Take a minute now to think back on the past few days. How many hours did you spend sitting?
People who spend less time sitting tend to live longer and happier lives with lower rates of chronic illnesses.
But it’s not just the total amount of time you spend sitting that matters. Prolonged, uninterrupted sitting is particularly dangerous to your health.
Diseases and Conditions Associated With Too Much Sitting
Excessive sitting is associated with over 30 chronic illnesses, including:
- high blood pressure
- chronic pain
- musculoskeletal disorders
- type 2 diabetes
- breast and prostate cancer
- cardiovascular disease
- erectile dysfunction
Why Prolonged Sitting Is So Dangerous
There are several reasons why sitting for long periods of time is so harmful to your health.
For one, it increases your risk of weight gain and obesity. When you sit, you burn fewer calories than when you stand or move around. Additionally, prolonged sitting can affect your appetite regulation, meaning you’re more likely to snack frequently and overeat.
Excessive sitting can also cause changes in your metabolism that lead to insulin resistance and type 2 diabetes. It also puts you at a higher risk for cardiovascular disease and high blood pressure.
Sitting for long periods of time can also lead to muscle atrophy and weakening of the bones. When your musculoskeletal system isn’t being used, it can start to deteriorate. This can lead to poor posture, stiffness, and pain.
Your nervous system also needs stimulating movement to function properly. When you sit still for too long, blood flow may not circulate as efficiently, including in your brain. You may start to feel sluggish.

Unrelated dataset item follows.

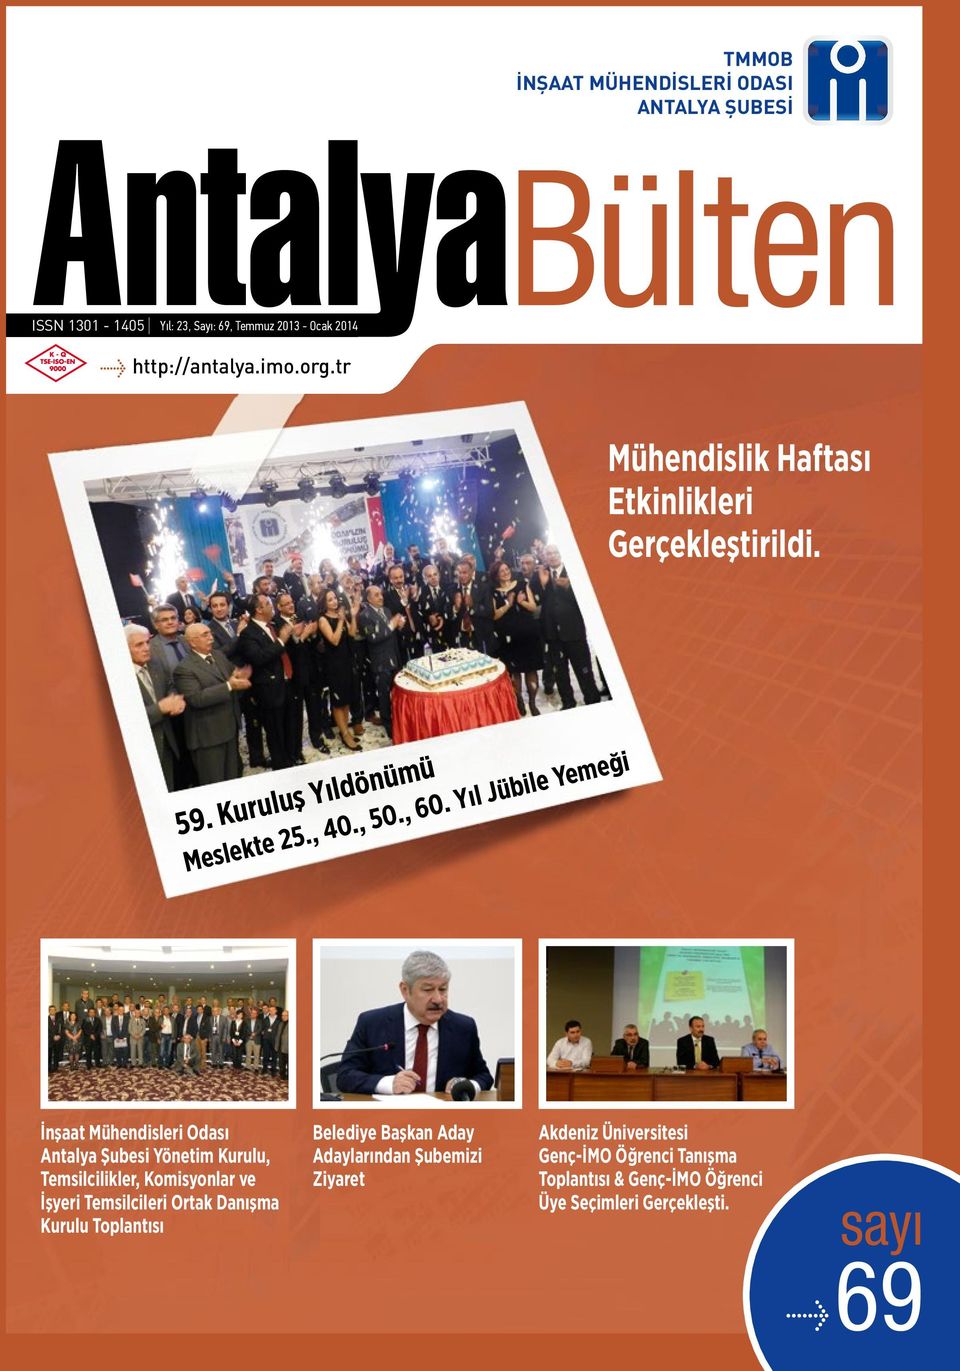 Yıl Jübile Yemeği İnşaat Mühendisleri Odası Antalya Şubesi Yönetim Kurulu, Temsilcilikler, Komisyonlar ve İşyeri Temsilcileri Ortak

You may experience problems with concentration, focus, and cognitive function. And in the long-term, it can contribute to the development of depression, anxiety, and dementia.
Get Up and Walk Around More Often
The solution to this “sitting sickness” problem is fairly simple: sit less and move more.
Make an extra effort to stand up and walk around for a few minutes every hour. Set a timer on your phone or computer to remind you to take a break.
Walk around or stretch during advertisement breaks when you’re watching TV.
Don’t just replace sitting with standing still. Move around and do something active. It doesn’t need to be anything strenuous. Just a few minutes of light activity will make a big difference to your health.
Doing this can improve your metabolism, cognitive function, and musculoskeletal health. You’ll also see a reduction in your risk of chronic diseases like obesity, type 2 diabetes, and heart disease.
Not only will this simple change improve your physical and mental health in the long run, but you’ll probably notice an immediate boost in your energy levels, mood, and overall sense of well-being.